Content curation is the process of sorting through relevant information in your industry and sharing it in a meaningful, helpful, and consistent way. Curating content through shared media isn’t the best strategy. But it’s something that can get you started in the meantime.

Why do it?

Curation is often less time than creating content from scratch. And it’s all a part of your virtual handshake. While curation (without creation) isn’t the firmest handshake there is, at least you’re standing up straight and making good eye contact. Customers typically respect and appreciate this.

But curating isn’t about sharing any random meme you find. Mindful editing and collaborative news filtering need to happen before you curate.

How to curate content:

1. Look at what your competitors curate. Visit their social media sites to see what content gets shared, and which magazines or resources provided the information.

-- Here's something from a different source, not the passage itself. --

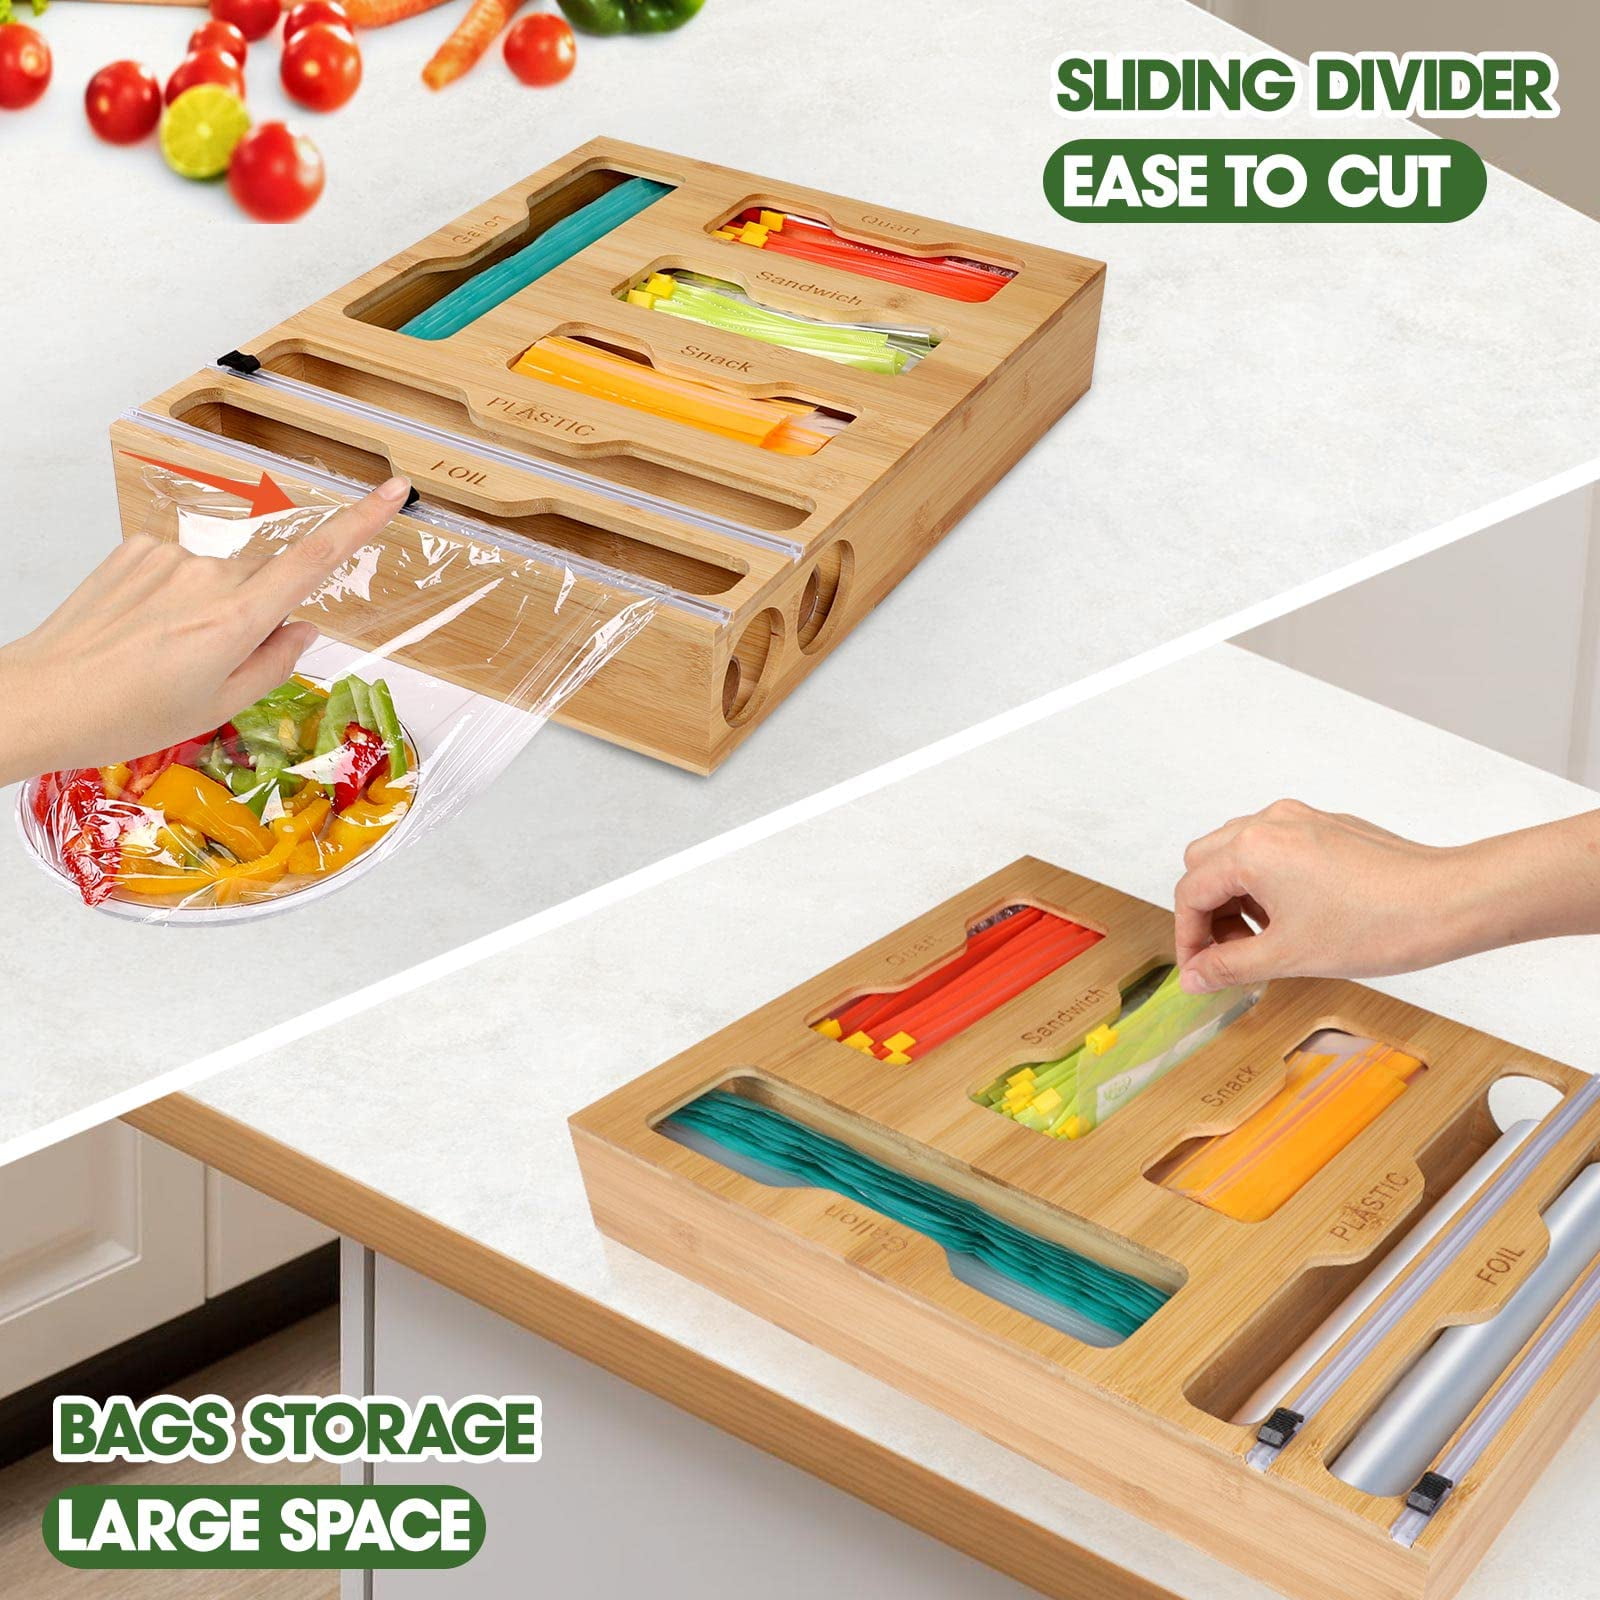 AGILILY 9 IN 1 Bamboo Storage Bag Organizer - Plastic Wrap Dispenser with  Cutter - Kitchen Organizers and Storage for Ziplock Bags, Gallon, Quart

2. Have a system in place. Create a Twitter list of others who share relevant information about your industry. Make sure that you remember who found the articles to give proper credit – or to give them a hat tip (h/t on Twitter).

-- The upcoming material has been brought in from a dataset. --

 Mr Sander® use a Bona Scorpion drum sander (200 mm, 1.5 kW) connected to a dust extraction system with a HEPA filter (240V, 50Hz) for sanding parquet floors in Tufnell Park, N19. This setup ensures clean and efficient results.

3. Sign up for feedly. It allows you to organize, read, and share the content of your favorite sites. It allows you to group content by subject matter, and it integrates very nicely with your Google Reader. But make sure to sign up before Reader goes away on July 1st.

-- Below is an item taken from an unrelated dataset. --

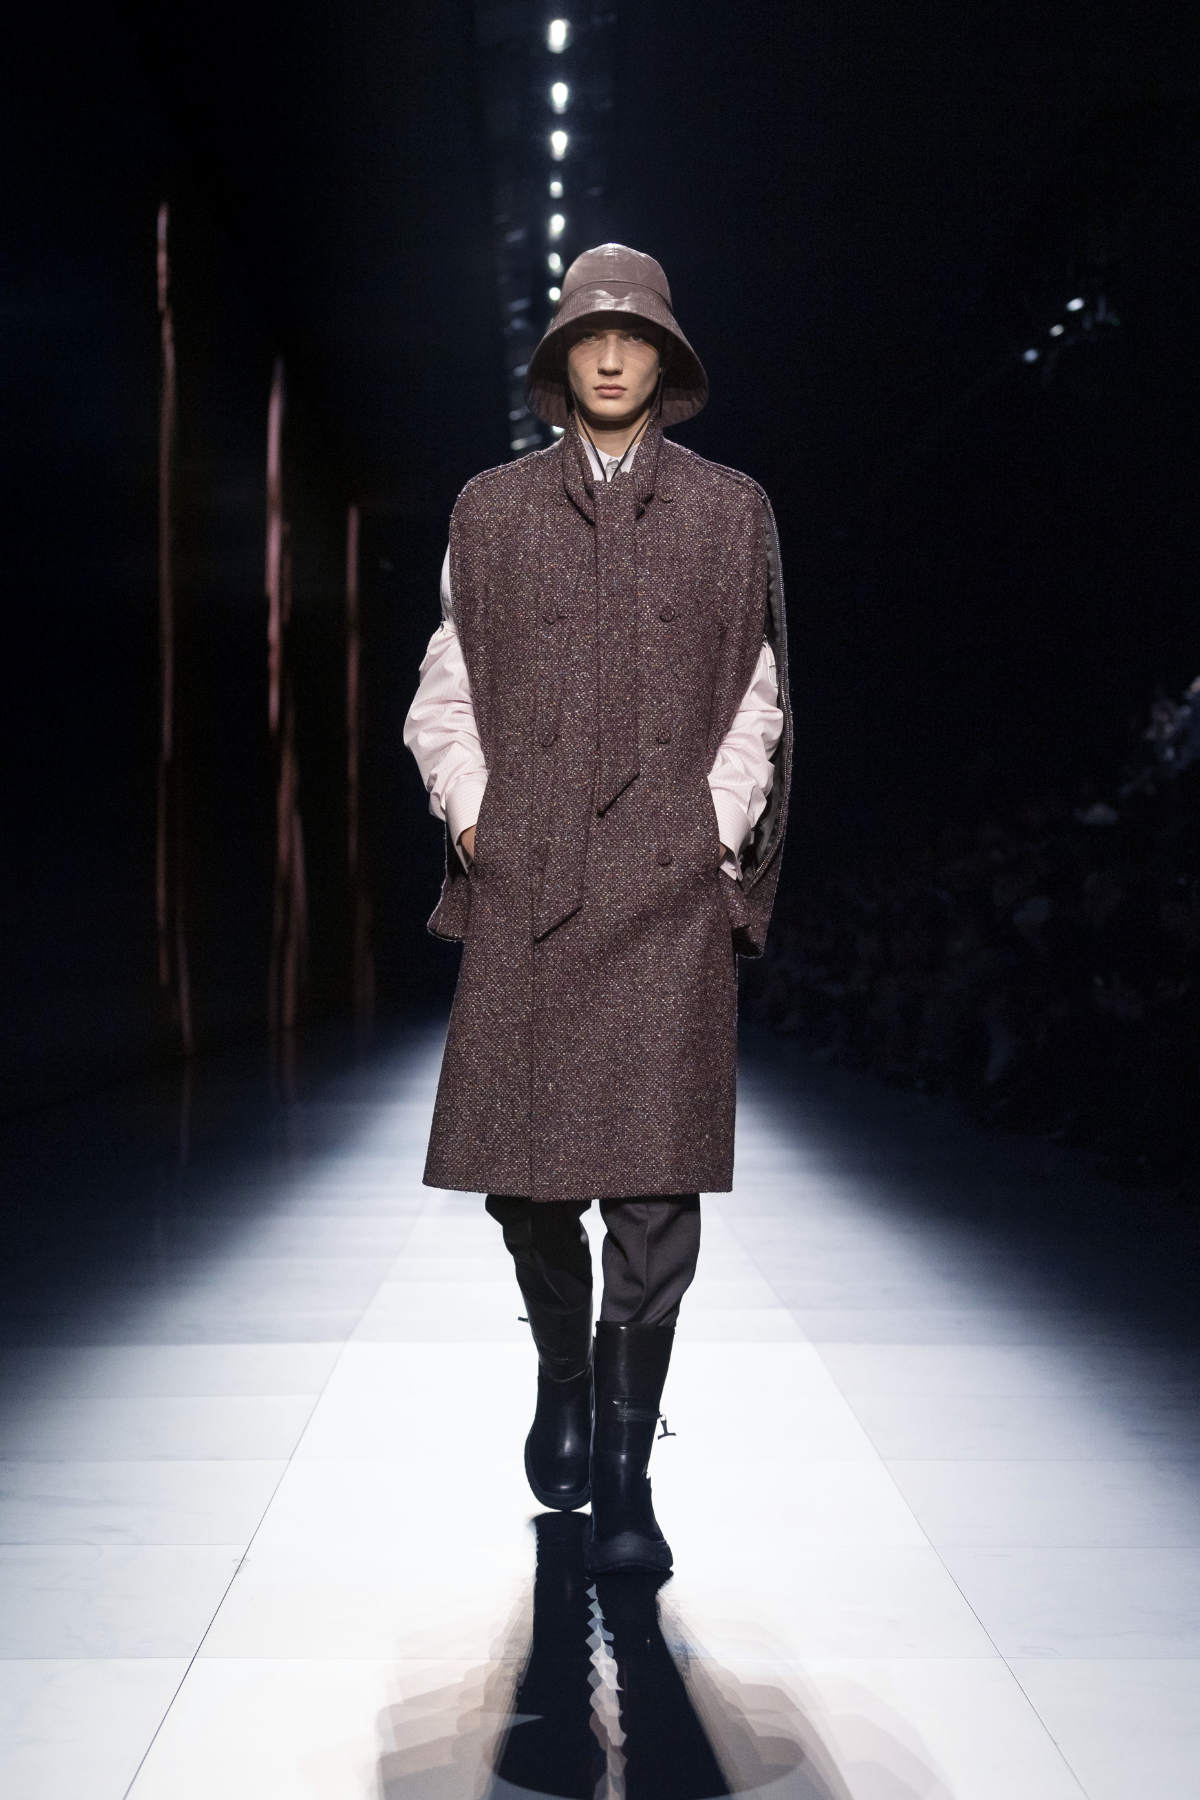 Dior Presents Its New Winter 2023-2024 Men’s Collection

4. Remember that kitschy is not always cool. Respect your audience.

5. Be meaningful. Add your insight or opinion when sharing the content. A good content curator knows the difference between being helpful and being a nuisance. Don’t share just to share. Make sure there’s context and relevance for your audience. Save the fun, quirky content for the weekend or for your personal social media pages.

6. Curate around a theme. Share video, audio, photos, and articles on different days of the week. Set structure like this if you need it.

7. Make sure people are listening when you tweet. Platforms like Tweriod can help determine the best times to tweet.

8. Have fun with it.

Curating content should be an enjoyable process where you get informed and educated about the happenings in your industry. It’s the path to creation. The content you curate should inspire you to create, or at least make it seem less daunting.